To analyze the data collected through the API and web scraping in Part 1 last week (week 9). This analysis will help gain insights from the data through exploratory data analysis (EDA), correlation analysis, and handling data quality issues such as missing values and outliers. Results will be presented with a dashboard on Tableau or Streamlit.
- Question: Does having a higher Goals For vs Goals Against ratio (GF/GA ratio) predict finishing top 3 in the league?
- Null Hypothesis (H₀): There is no correlation between the teams with the highest GF/GA ratio and finishing top 3.
- Data:
- Kaggle API: goals for/against per match/season depending on the dataframe.
- Wikipedia Scrape: wikipedia (league tables, GF, GA, Pos per season).
- Question: Are formations with more in attack (e.g. 4-3-3 or 3-4-3) linked to a higher GF/GA ratio and is there a correlation with winning the league?
- Null Hypothesis (H₀): There is no correlation between teams with more attacking formations (4-3-3 or 3-4-3) and higher GF/GA ratio.
- Data:
- Kaggle API: GF/GA ratio per match/season. Group by formation, and take the average goals for and goals against to compare.

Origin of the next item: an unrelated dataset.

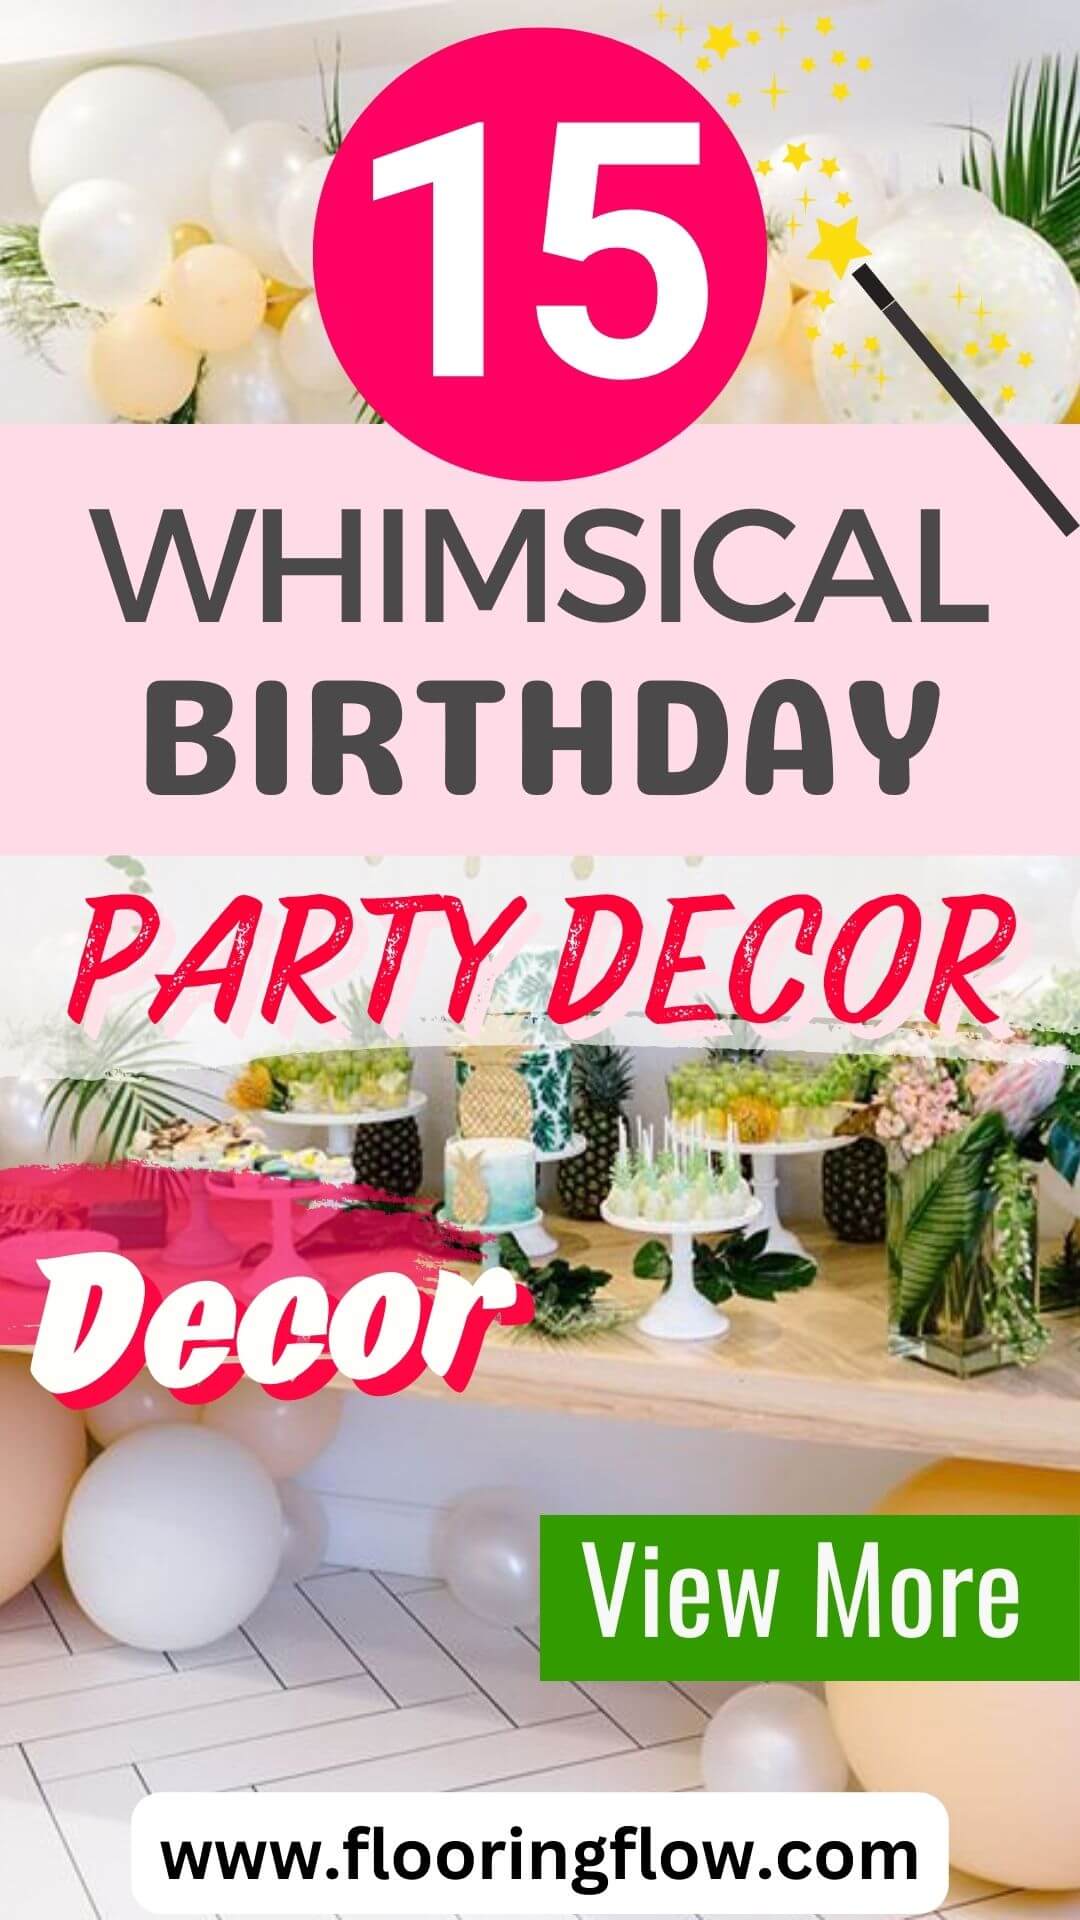 Whimsical Birthday Party Decor Ideas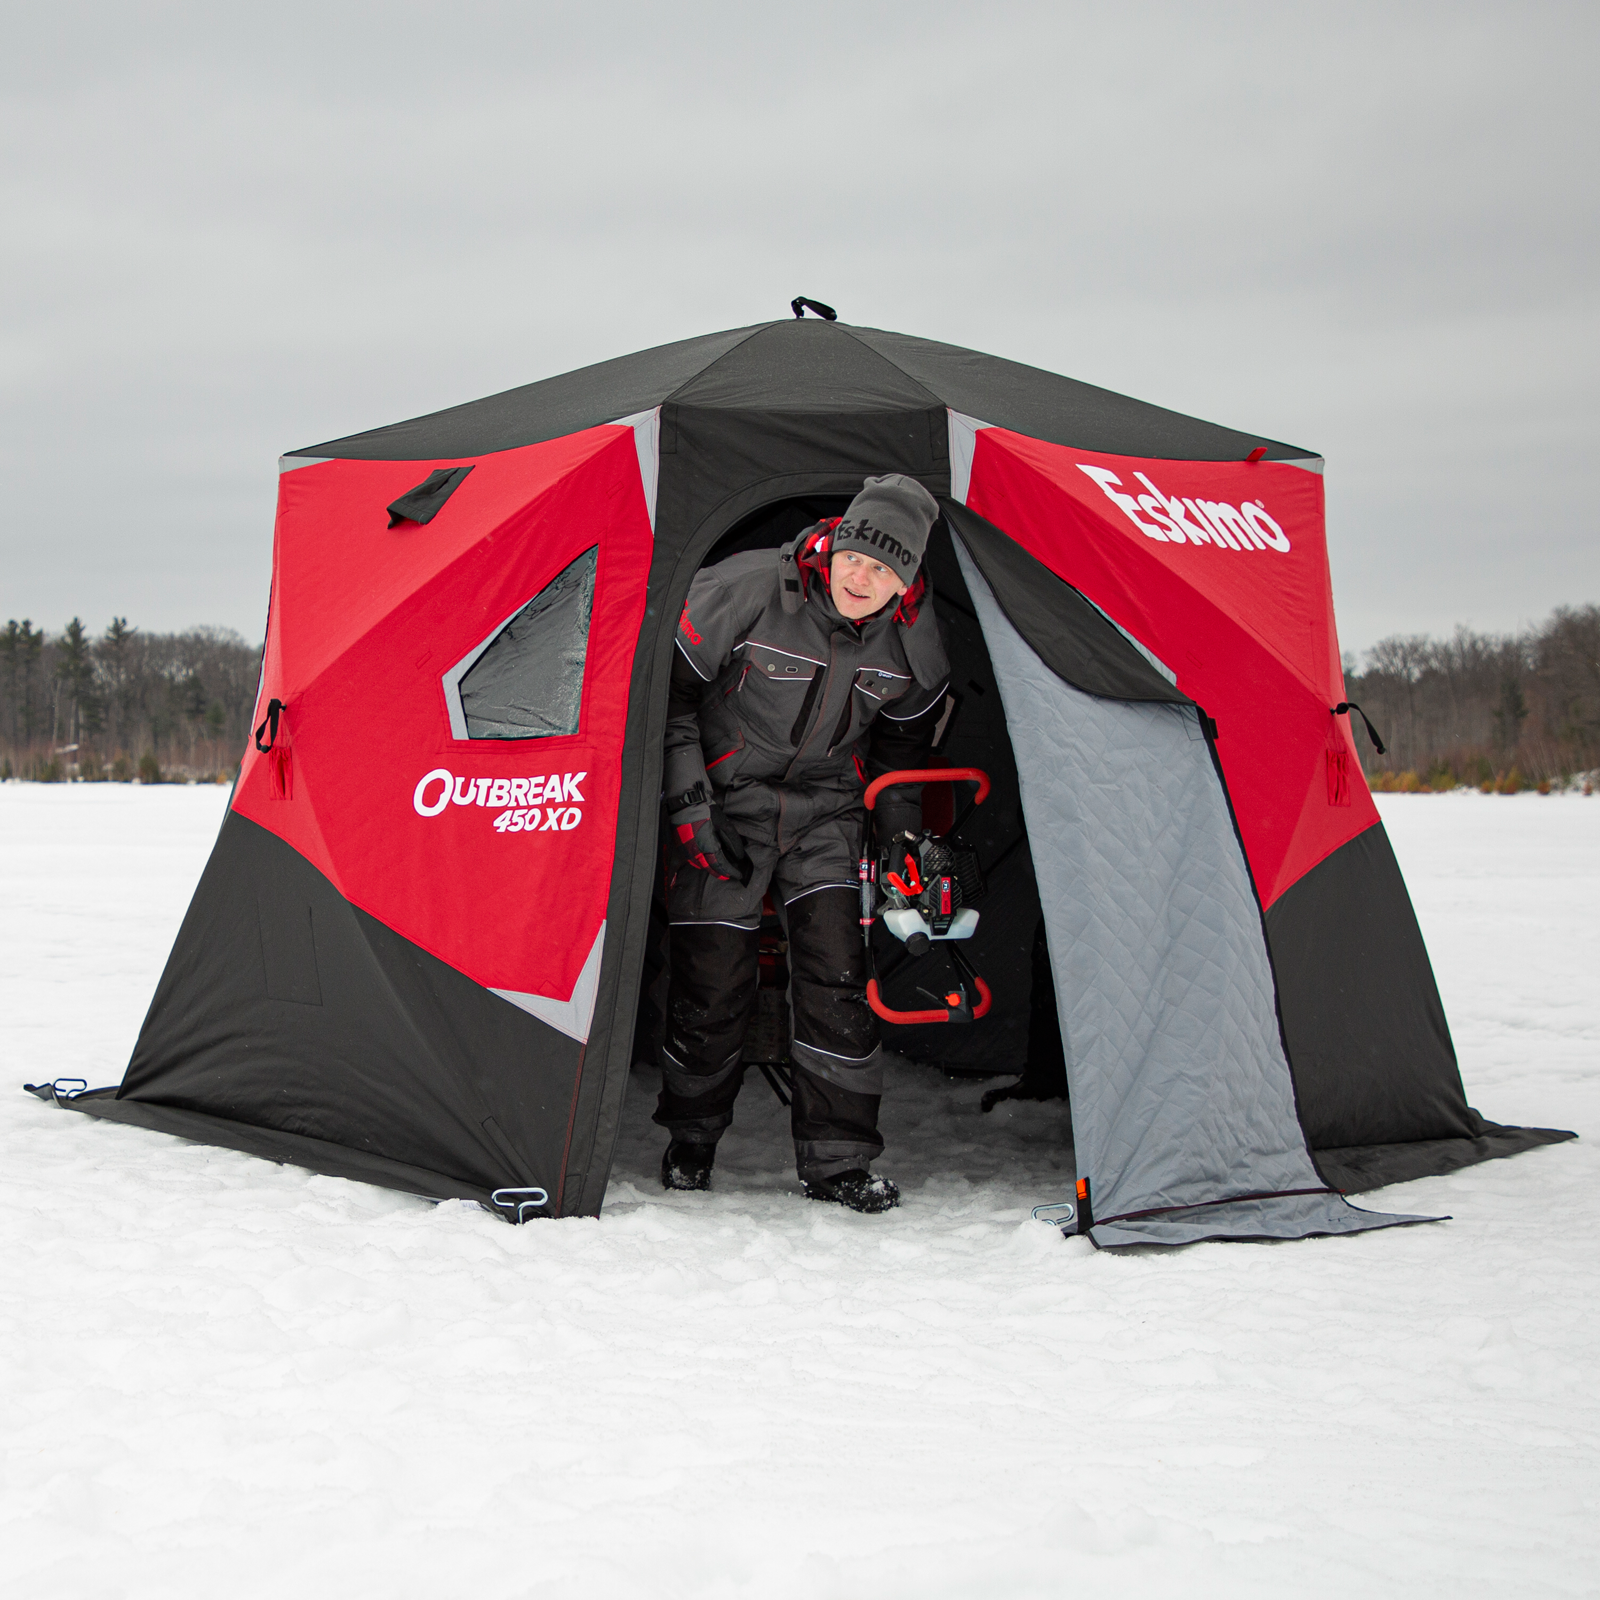 Eskimo Ice Shelter Outbreak 250 Xd Insulated

- Wikipedia Scrape: wikipedia (league tables, form), not needed for this question.
- Question: Is possession percentage correlated with Premier League points?
- Null Hypothesis (H₀): There is no or weak correlation with possession rate and higher points.
- Data:
- Kaggle API: Group by team, take the average possession per team per match/season depending on the dataframe.
- Wikipedia Scrape: wikipedia (league tables, form), not needed for this question.
- Question: Is possession percentage higher at home or away games?
- Null Hypothesis (H₀): There is no correlation between possession rate and playing games at home.
- Data:
- Kaggle API: Average possession per team per match/season sorted by venue (home vs away)
- Wikipedia Scrape: wikipedia (league tables, form), not needed for this question.
- Question: Do shots on target predict match outcomes better than total shots?
- Null Hypothesis (H₀): Shots on target are not more strongly correlated with points per game than total shots.
- Data:
- Kaggle API: Total shots (sh) / Shots on target (sot). Group by shots on target and total shots, take the average sot and sh, map Win, Lose, Draw points and compare to the W L D outcome.
- Wikipedia Scrape: wikipedia (league tables, form), not needed for this question.
Wikipedia Web Scraping: Wikipedia Premier League Table 2018-2025
- Wikipedia: 160 rows × 13 columns
Kaggle API: dataframes 2018-2024
Which Dataframes can I use to answer each Business Question?
Wikipedia Web Scraping
- all_dfs = [df_18_cleaned, df_19_cleaned, df_20_cleaned, df_21_cleaned, df_22_cleaned, df_23_cleaned, df_24_cleaned, df_25_cleaned] concatenated = gf, ga, gf_ga_ratio, position (top_3 or non_top_3)
Kaggle API
- df_18_20 + df_20_23 = possession, formation, result, venue, gf, ga, xg, xga
- df_20_23 = possession, formation, result, venue, gf, ga, xg, xga, sh, sot
- df_2024_cleaned = possession
Recommendations:
- Aim for higher GF/GD ratio
- Focus on attacking formations for higher GF/GD ratio
- Improve on Possession to finish higher in the league and gain more points
- Replicate Home Success for Away Games
- Focus on Quality rather than Quantity of Shots
Takeaways:
- Teams with higher GF/GA ratios consistently earn more league points, scoring more while conceding less is a strong predictor of success.
- GF/GA ratio higher for Top 3 vs Non-Top 3.
- Formation: there is a correlation between more attacking formations (4-3-3 or 3-4-3) and higher GF/GA ratio.
- Higher Average Possession = Higher Points
- Spearman’s: Monotonic relationship. P-value < 0.05, the relationship is statistically significant.
- Teams usually have similar possession at home and away, but on average, they keep the ball a little more when playing at home.
- Shots volume matters less than accuracy (SOT).